BACKGROUND: Newcastle disease virus (NDV) is a severe disease that affects domestic and wild birds. Controlled antibiotics derived from probiotics have been examined as prospective solutions for preserving seroconversion in NDV-vaccinated fowl. In this study, the secondary metabolite "telomycin" was extracted from Streptomyces coeruleorubidus (S. coeruleorubidus) isolated from Egypt's cultivated soil. The structure of telomycin was determined by the elucidation of spectroscopic analysis, including nuclear magnetic resonance (NMR) and mass spectrometry (MS) spectra, and comparison with the literature. The antiviral activity of the secondary metabolite was tested by checking its effect on NDV hemagglutination activity (HA).

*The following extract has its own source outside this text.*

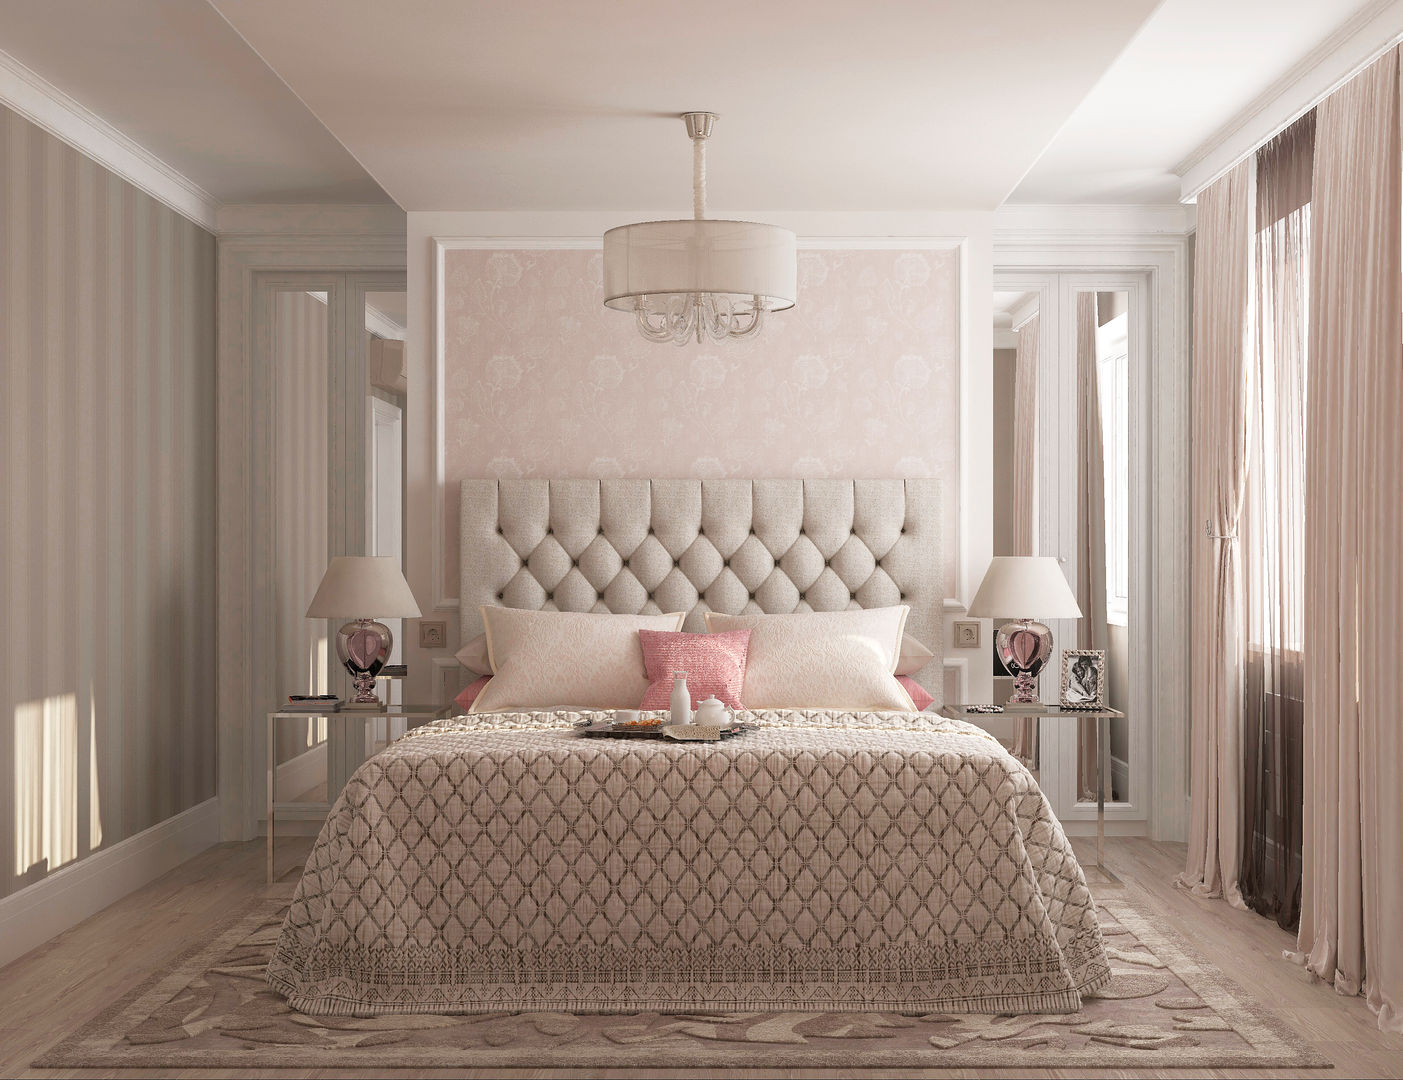 Спальня гостевая "Glamour", Студия дизайна Дарьи Одарюк Студия дизайна Дарьи Одарюк Dormitorios clásicos

Moreover, HA of NDV was tested after inoculation of NDV (control) and a combination of telomycin and NDV in 10- days- specific pathogen-free embryonated chicken eggs (SPF-ECE) daily candling. Histopathological examination was performed for chorioallantoic membranes and liver of SPF-ECE. RESULTS: S. coeruleorubidus secondary metabolite "telomycin" showed complete hemagglutination inhibition (HI) activity of NDV strain (MN635617) with log106 infectivity titers (EID50/mL). The HA of NDV strain was 8 log2 and 9 log2 with 0.5% and 0.75% of chicken RBCs, respectively. Preserved structures of chorioallantoic-membranes (CAM) with dilated capillary networks were observed in the treated group inoculated with telomycin and NDV. Histological changes in SPF-ECE liver were examined after inoculation in ova to further characterize the telomycin effect. Telomycin and NDV mixture inoculated group showed preserved cytoarchitecture of hepatocytes with the presence of perivascular foci of lymphocytes. The group that was inoculated with telomycin alone showed normal histology of hepatic acini, central veins, and portal triads. CONCLUSION: S. coeruleorubidus telomycin is a promising bioactive agent that might be a biological weapon against a deadly chicken NDV that costs farmers a lot of money.